**EXERCISE DESCRIPTION:** Please reproduce all of the data below exactly, leaving each picture out.

**DATA EXTRACT:**
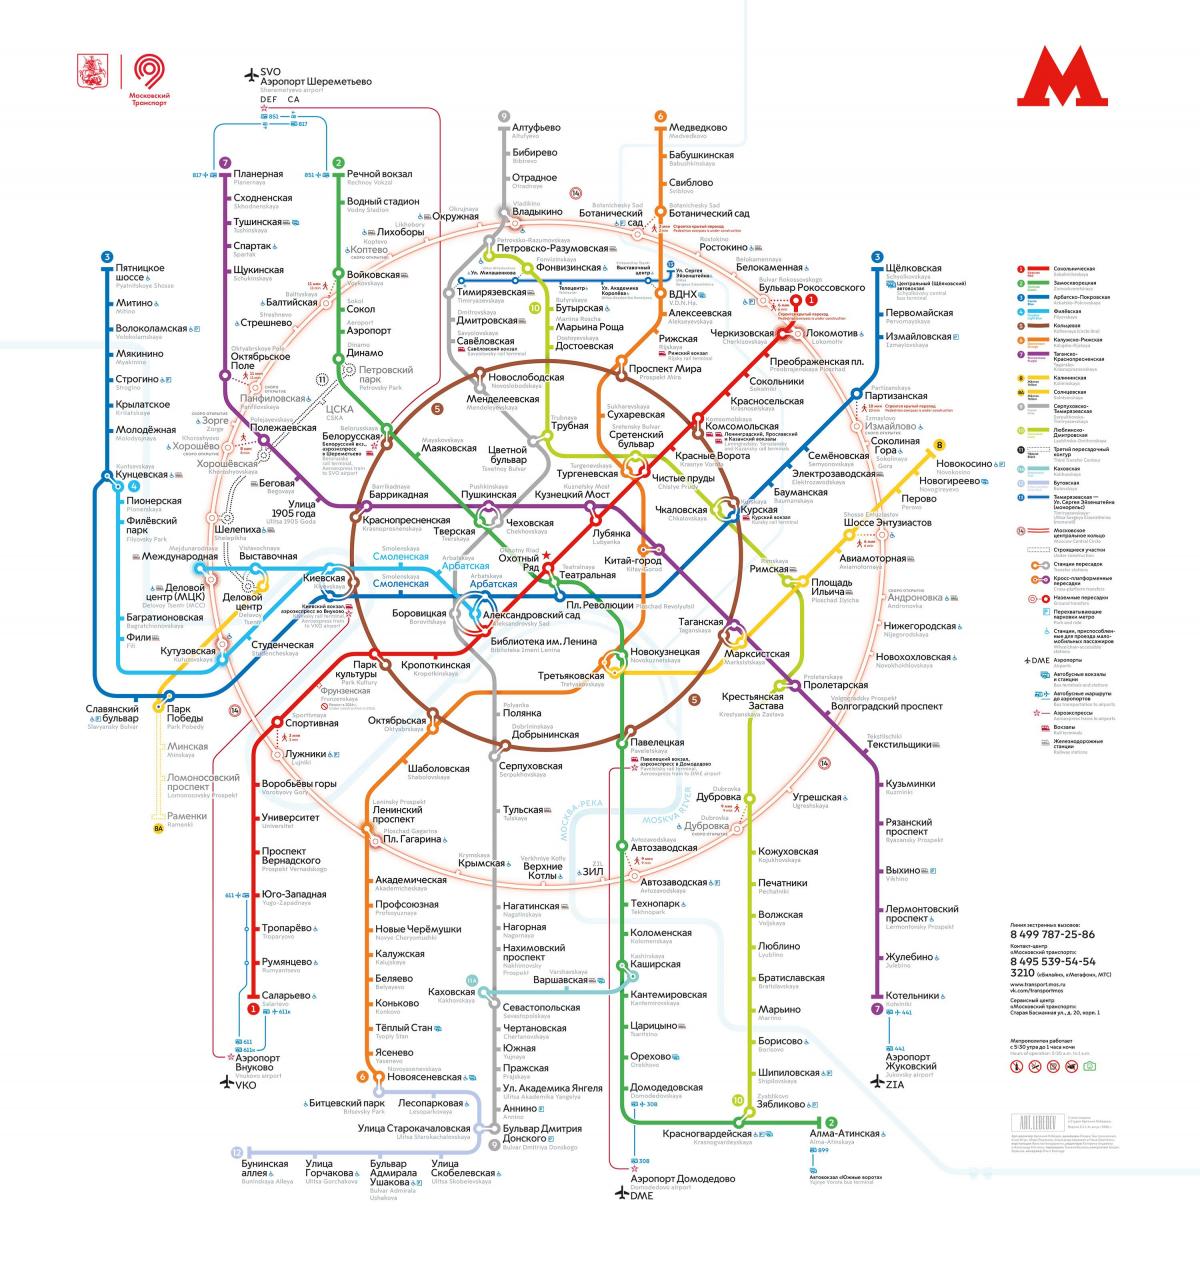 Moskou metro kaart
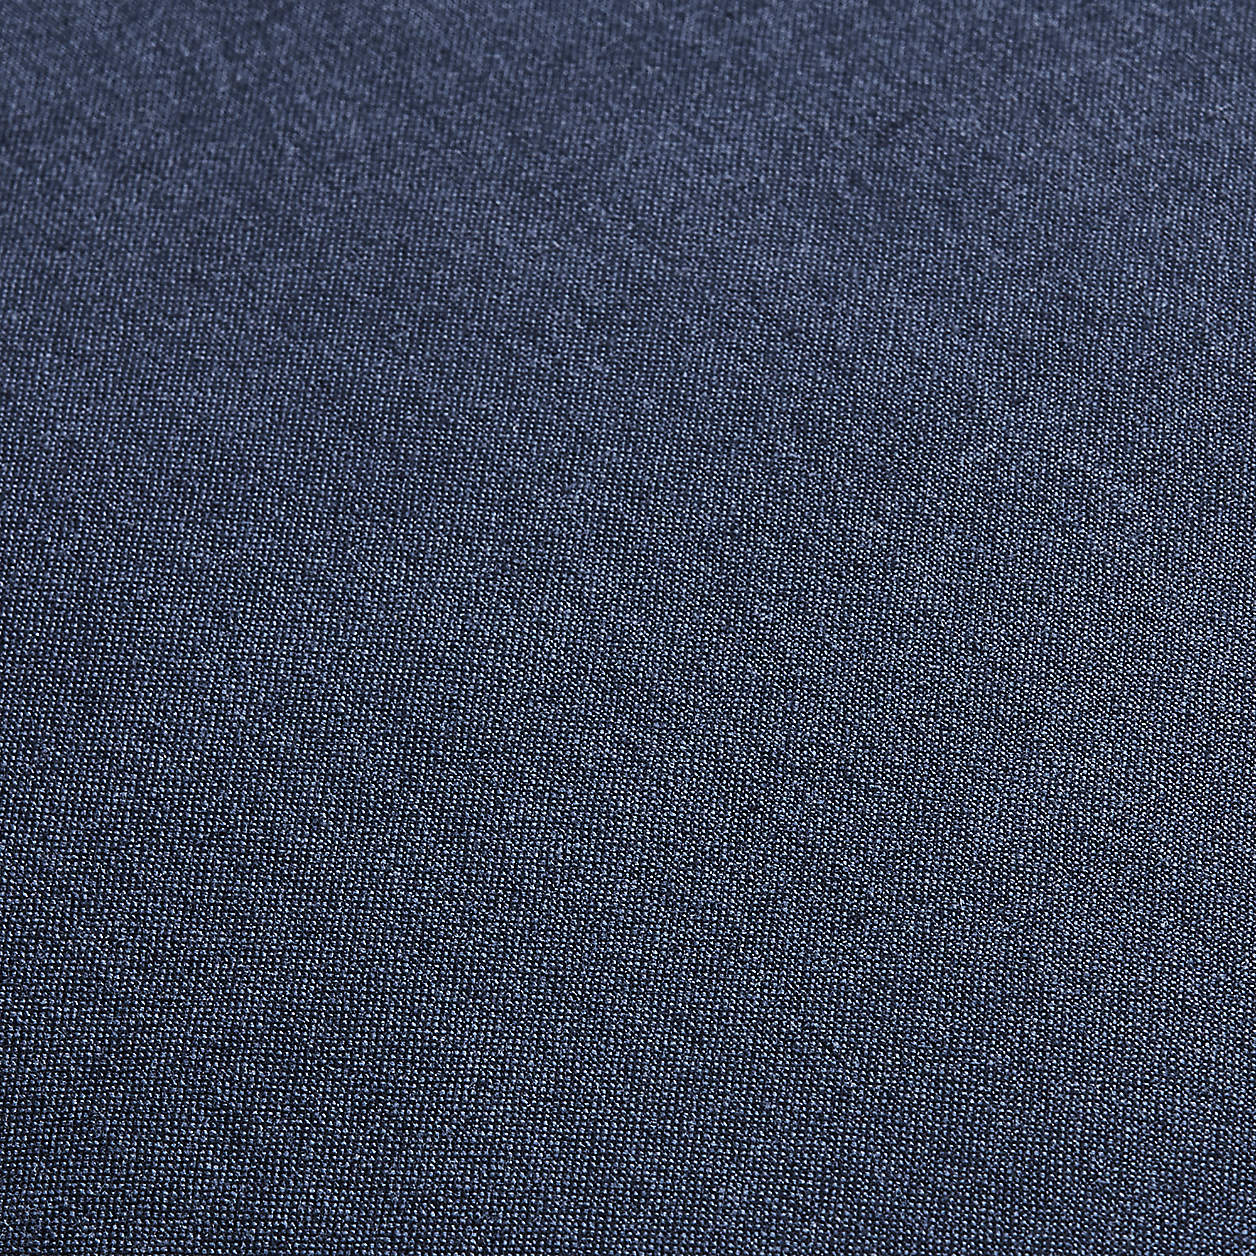 Amalfi Cotton Linen Scallop Edge 23''x23" Deep Indigo Blue Throw Pillow Cover
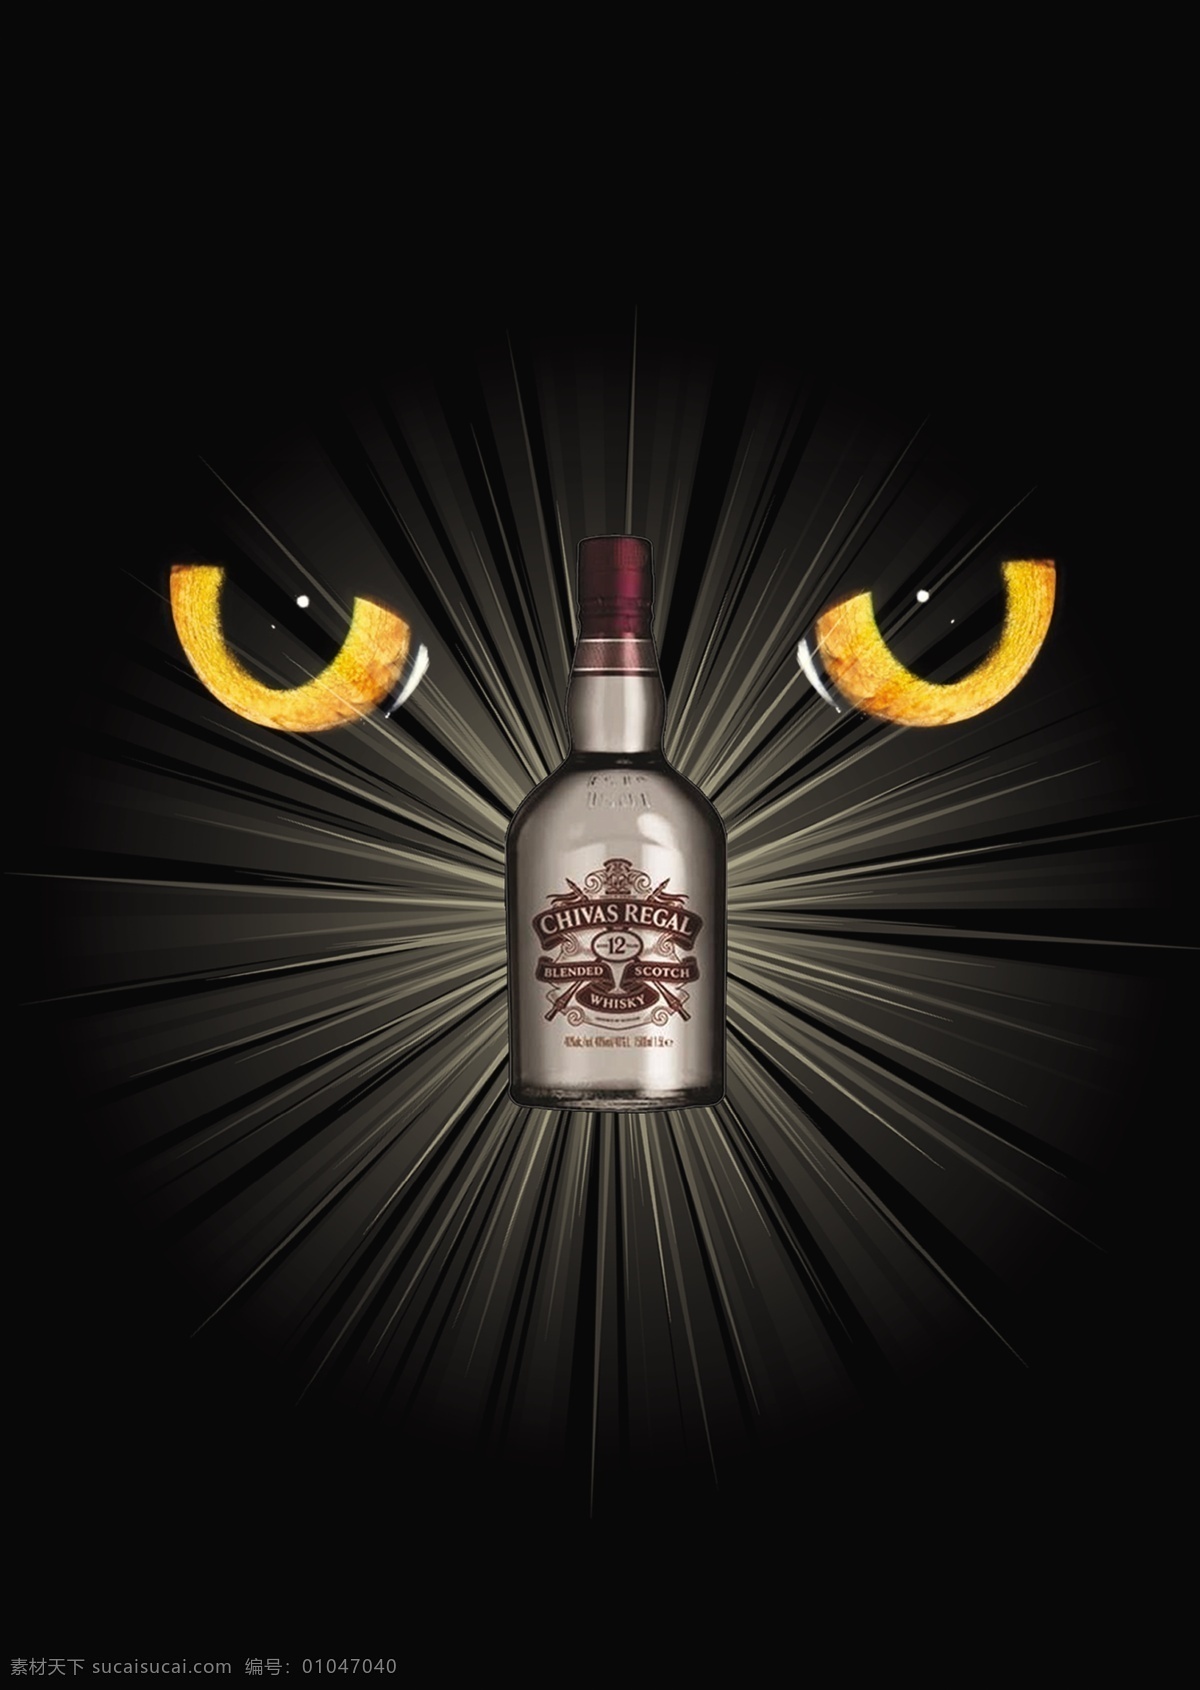 芝华士海报 芝华士 猫眼 酒瓶 奢华 尊贵 炫丽背景 洋酒 法国 广告设计模板 源文件

**TASK RESULT:**
 Moskou metro kaart
 Amalfi Cotton Linen Scallop Edge 23''x23" Deep Indigo Blue Throw Pillow Cover
 芝华士海报 芝华士 猫眼 酒瓶 奢华 尊贵 炫丽背景 洋酒 法国 广告设计模板 源文件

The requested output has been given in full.